### Task description
Here the job is to transcribe the data exactly while omitting the images.

### Given data
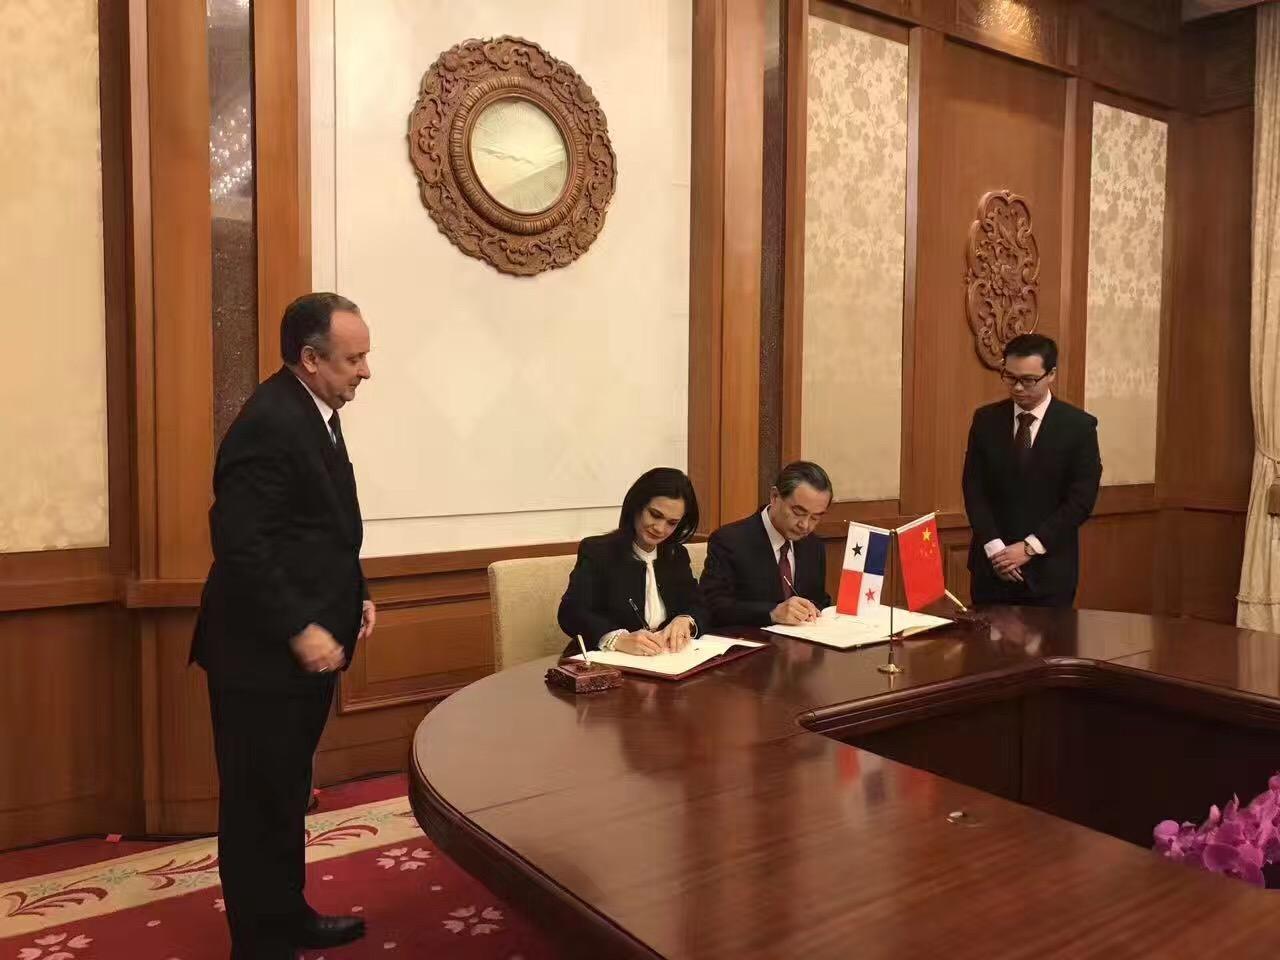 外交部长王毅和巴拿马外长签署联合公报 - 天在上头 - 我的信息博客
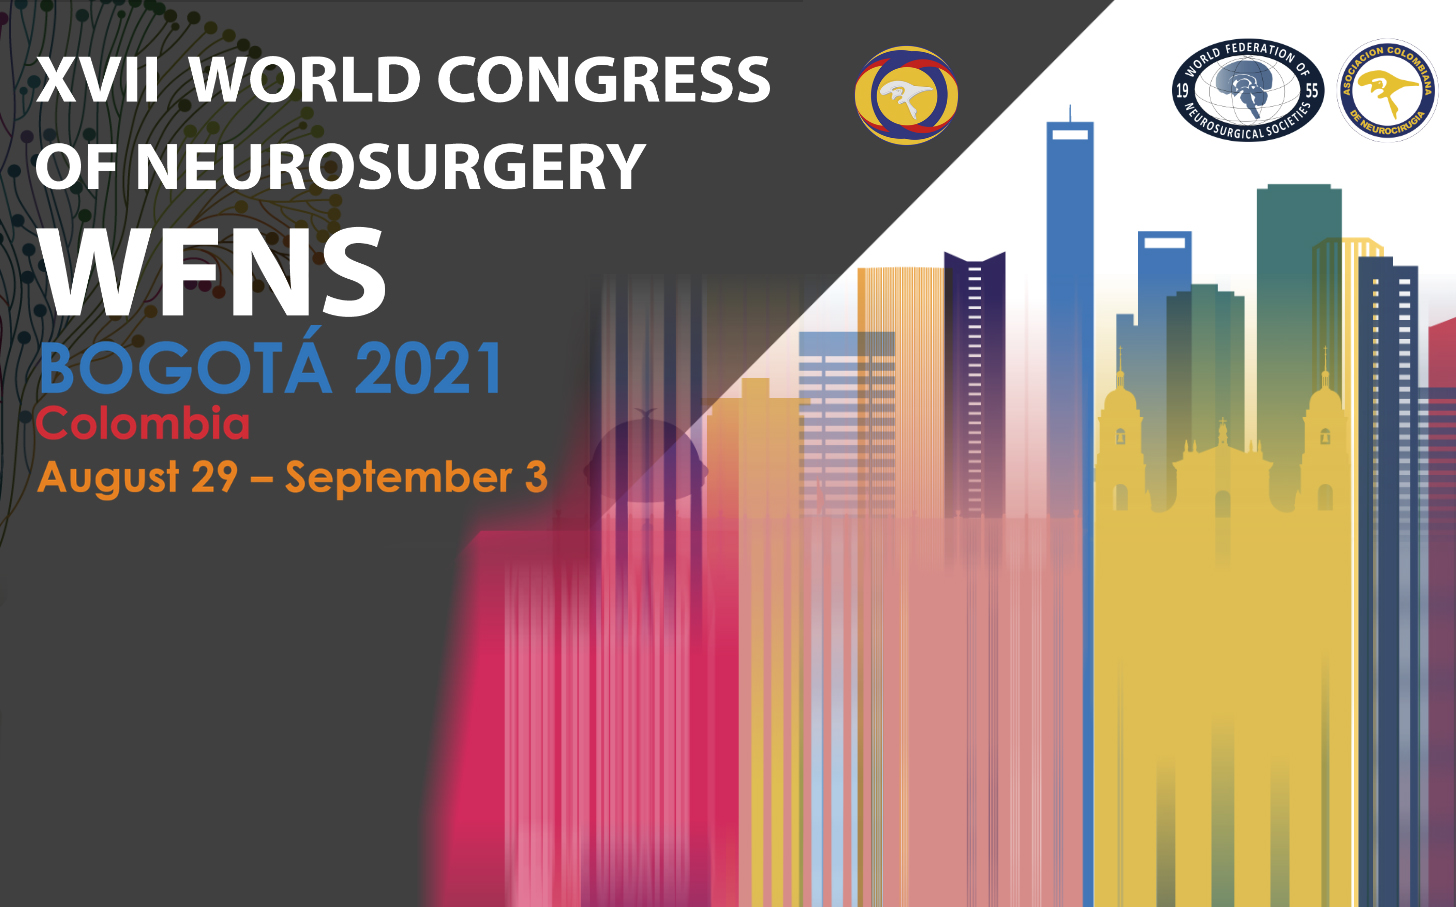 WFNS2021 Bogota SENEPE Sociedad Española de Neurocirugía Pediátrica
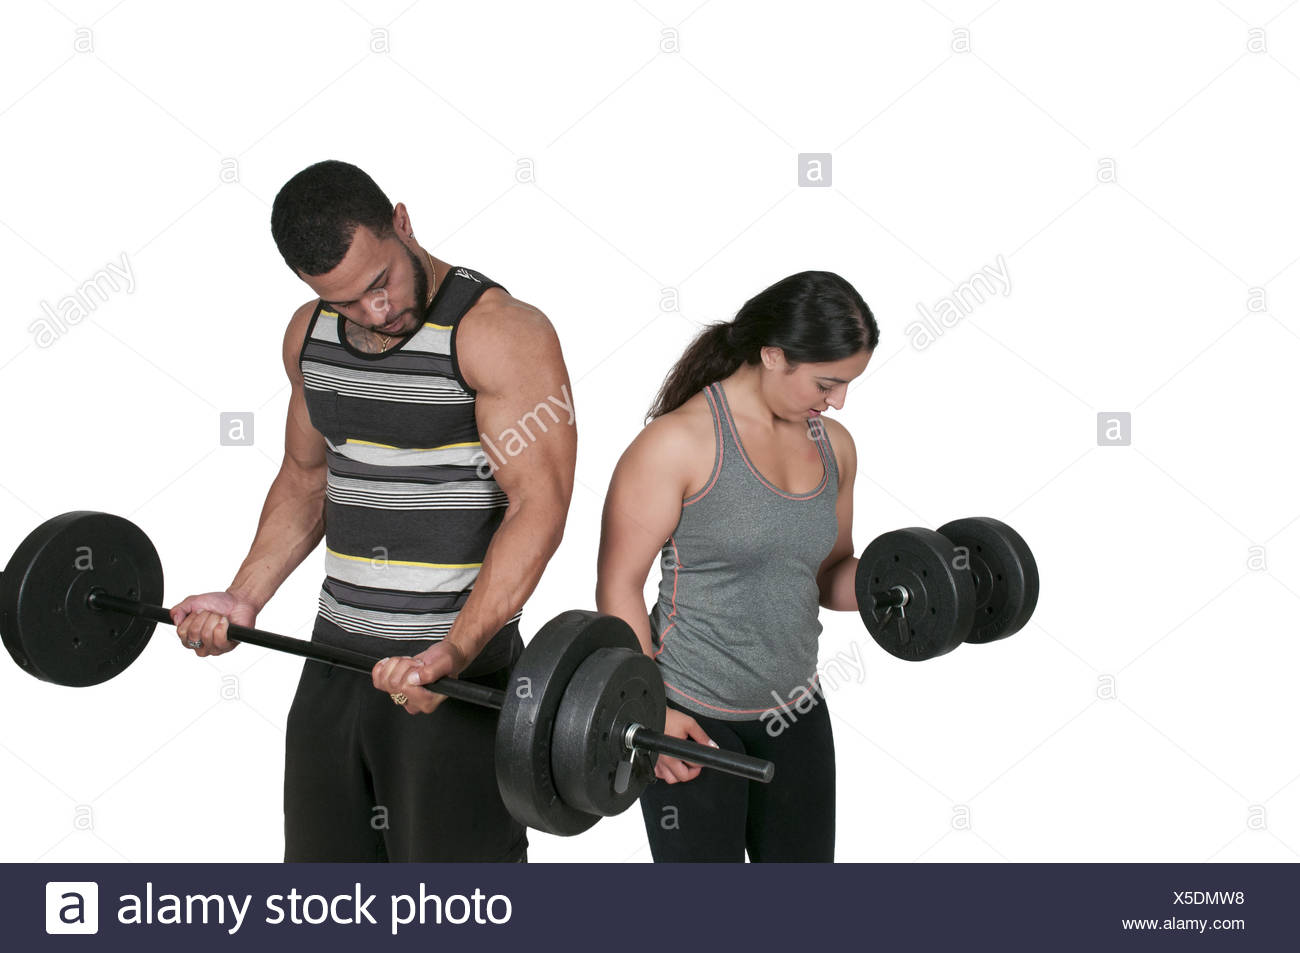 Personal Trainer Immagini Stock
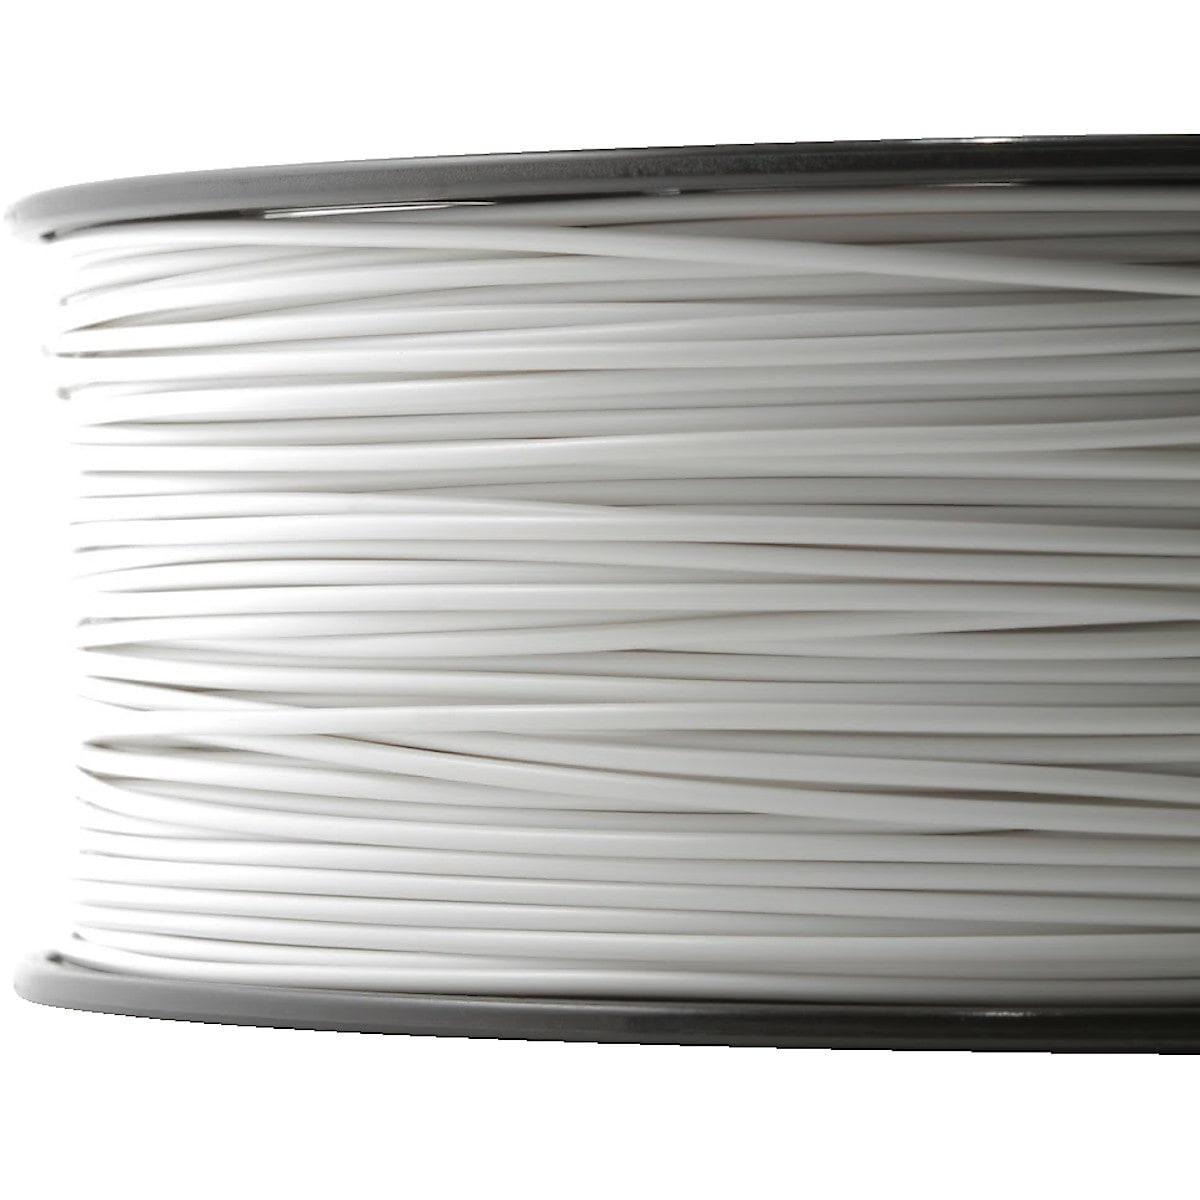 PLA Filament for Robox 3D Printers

### Answer to this problem
 外交部长王毅和巴拿马外长签署联合公报 - 天在上头 - 我的信息博客
 WFNS2021 Bogota SENEPE Sociedad Española de Neurocirugía Pediátrica
 Personal Trainer Immagini Stock
 PLA Filament for Robox 3D Printers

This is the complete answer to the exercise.